A rant from Iowa State
Michael Bugeja directs a journalism school in 21st
Century America, where he preaches that the Internet and new technology is “the
scorpion” that will poison and kill journalism.
In what I consider the best argument against tenure, Bugeja
cursed the connected world that is rapidly passing him by in the keynote
address at our Midwest regional spring conference for the Society of
Professional Journalists.
The theme of
the conference?
Convergence of new
media.
Yes, this guy. Bugeja says new gadgetry has us chained to our newsroom desks, forcing us to do all
of our reporting through the telephone and email. By the way, he says telephones and telegraphs are not bad. Apparently, he thinks any innovation that
happened, say, after Henry Ford, is dooming us.
“I don’t know when he was last in a newsroom,” said Jared
Strong of the Des Moines Register, who sat in on the panel “What I Wish I Had
Learned in Journalism School But Didn’t.”
If Bugeja had bothered to observe some modern newsrooms, he
would know that technology actually allows me to get out of the office more, be
where the news is, because I’m always connected through my smart phone, my
email and my ability to deliver the news through a variety of media, including
Twitter.
Of course, Bugeja hates Twitter. And Facebook. And really
any of the ways that people like to connect now and trade information.
I began covering his speech on Twitter.
Andy Dickinson
answered that maybe Bugeja is just trying to get attention.

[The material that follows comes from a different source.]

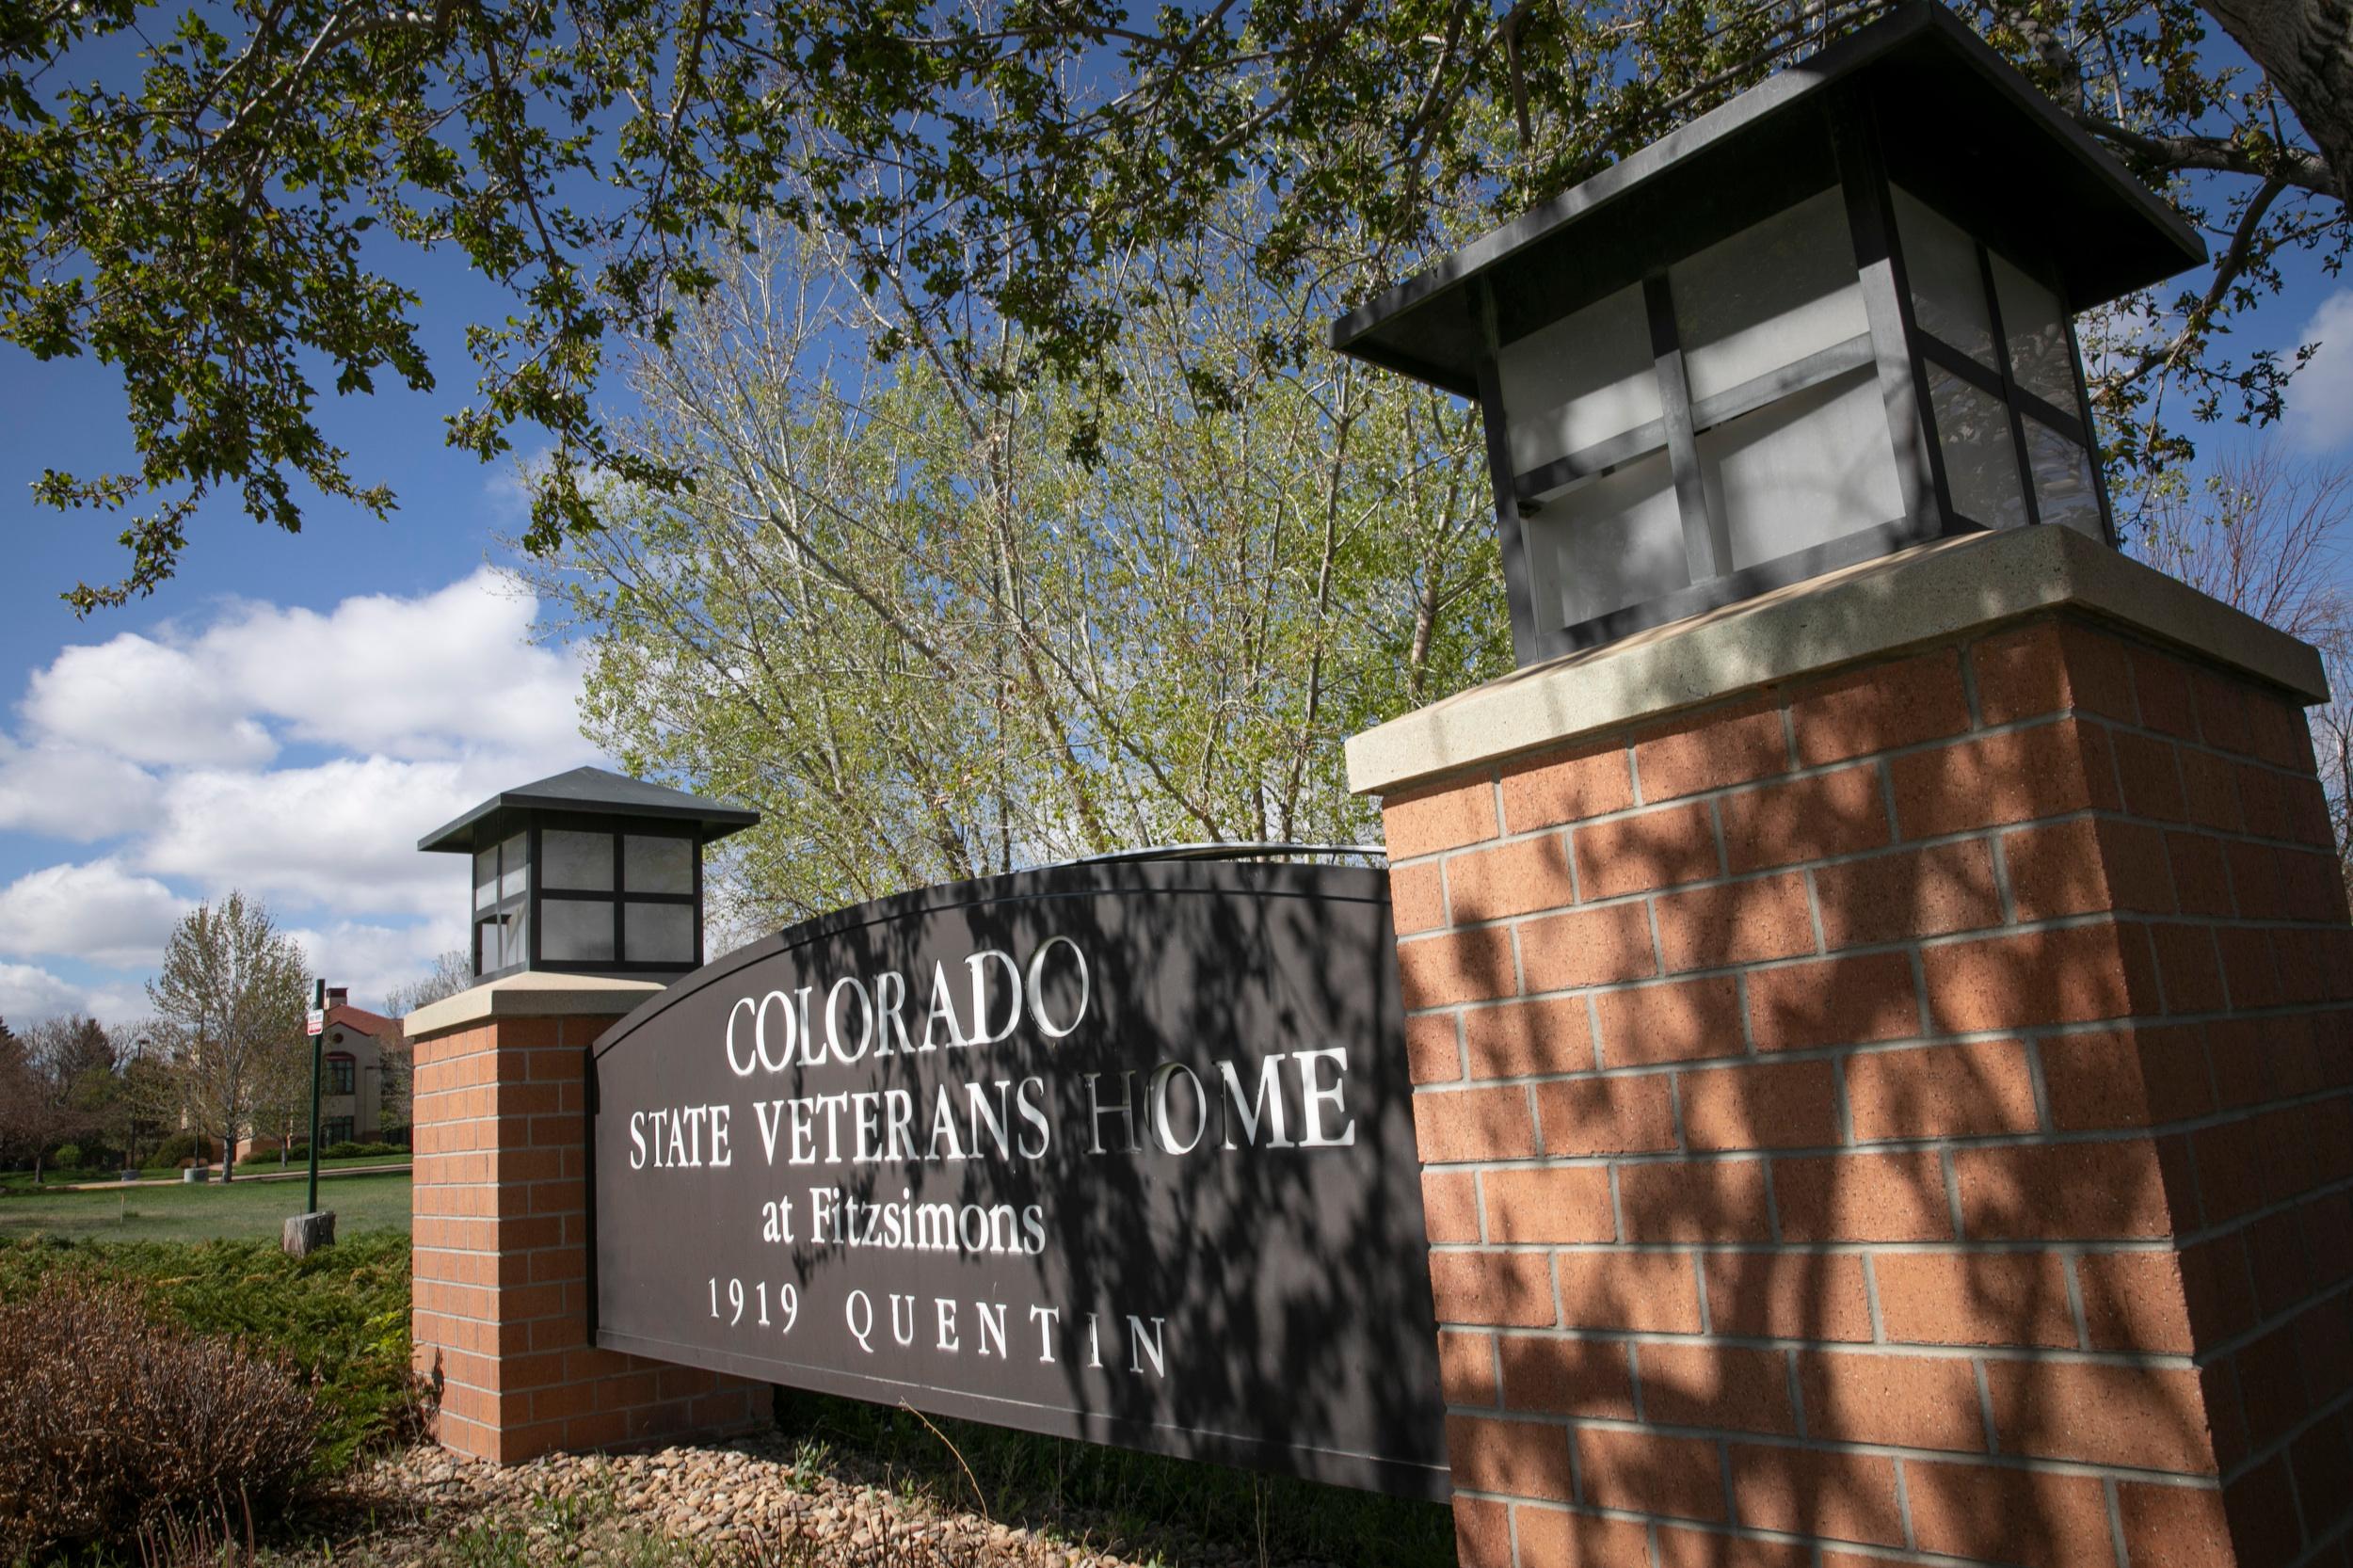 Colorado State Veterans Home at Fitzsimons in Aurora

The most disturbing part of Bugeja’s views is, he could be
any of our bosses. In many newsrooms
across the country, people are resisting change with his same fervor, as the
world changes around us. In his speech,
he kept referring to himself as “a reporter,” as if that some how brought him
out of his academic daydream and down to reality with the rest of us. It didn’t.

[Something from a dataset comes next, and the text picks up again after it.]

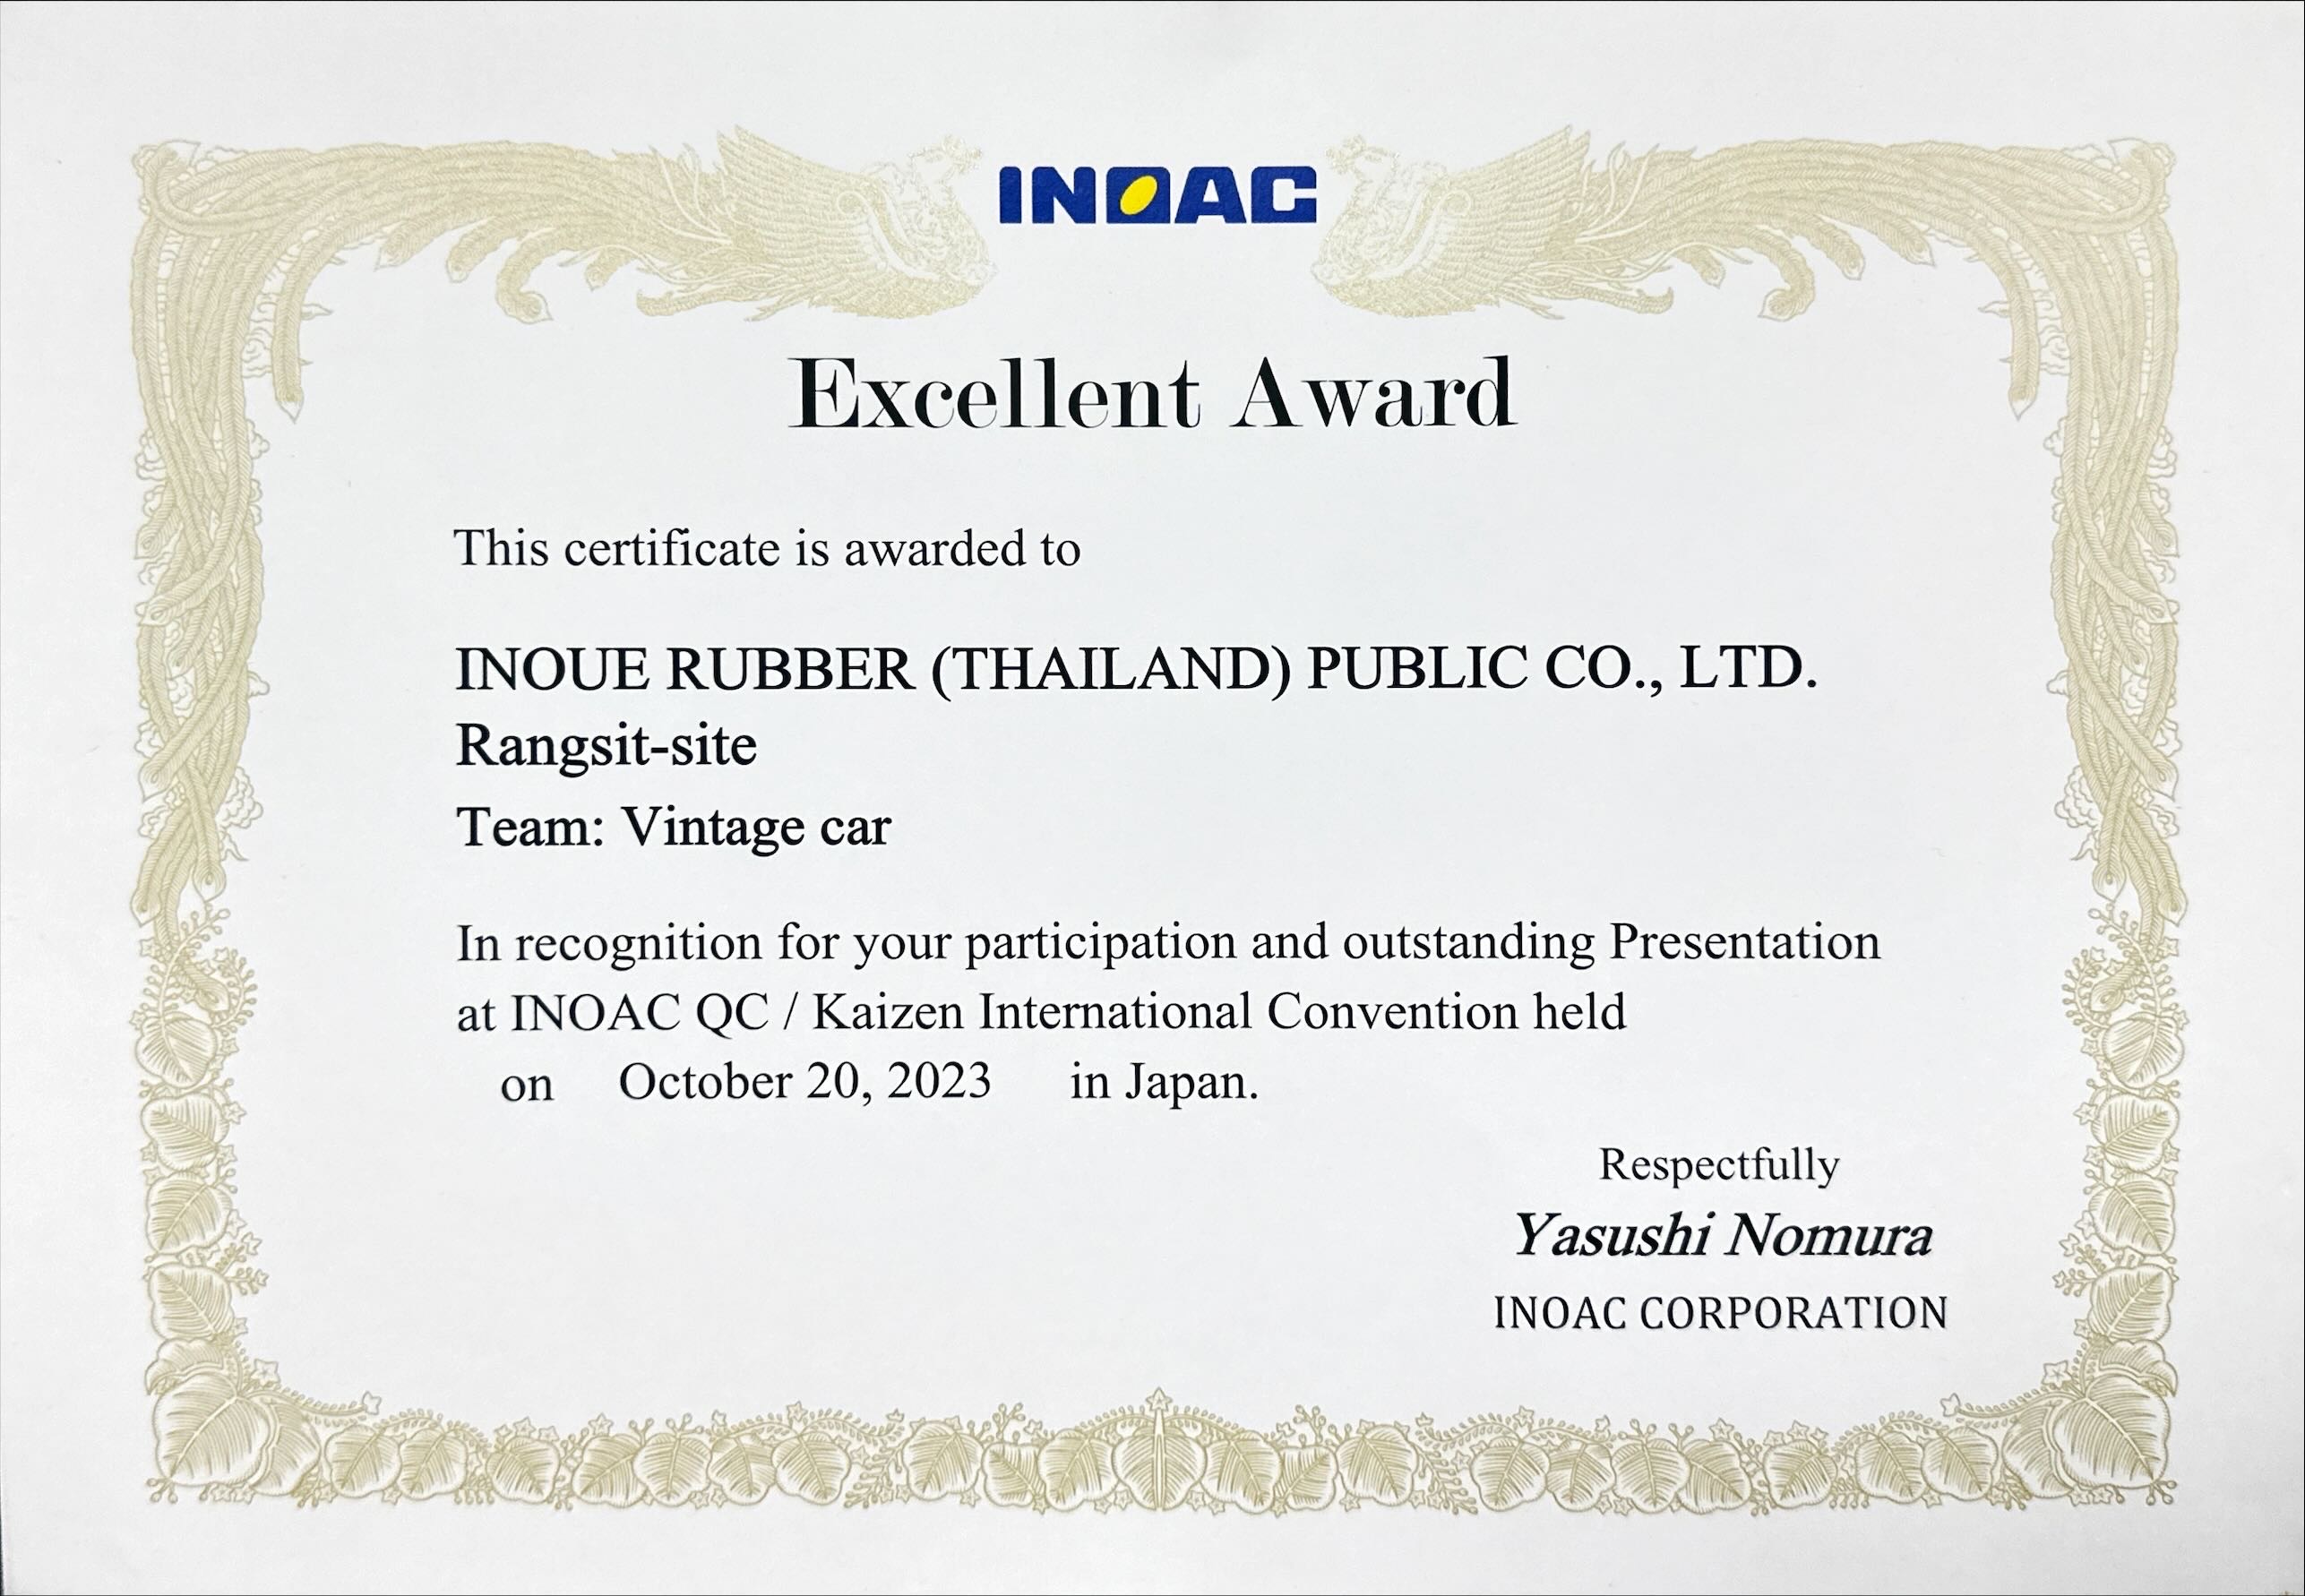 IRC won "Excellent Award” from the QCC/KAIZEN presentation at INOAC QC-KAIZEN INTERNATIONAL CONVENTION in Japan

If he really worked as a reporter, in a world without
tenure, he would have to face the realities of technology.
He would have to learn new ways or
reporting, or he would soon be without a job.
He would soon be called into an editor’s office and be told to get up to
speed, or be replaced.
But he doesn’t
work in that world of declining circulations and ad revenue that’s moving to
the web.
So he can stick his head up
his campus and pretend that he knows best.
I felt bad for the journalism
students I met at Iowa State who are bright and ambitious and having to listen
to this. I felt bad for the older journalists in the room, meaning about my
age, because some were nodding and smiling as if this were really making sense.
Still, Bugeja showed he has a glimmer of recognition
for reality. For all his resistance, he understands the Web can produce
transparency in journalism, allowing our audience to study our notes, our
source documents, to hear our interviews.
Don’t feel sorry for his students, either. They’re smart enough to see the ironies of
the chancing media world around them and how out of touch the director of their
school seems to be.
“The thing is,” one student told me about Bugeja, “you can only reach him by email.”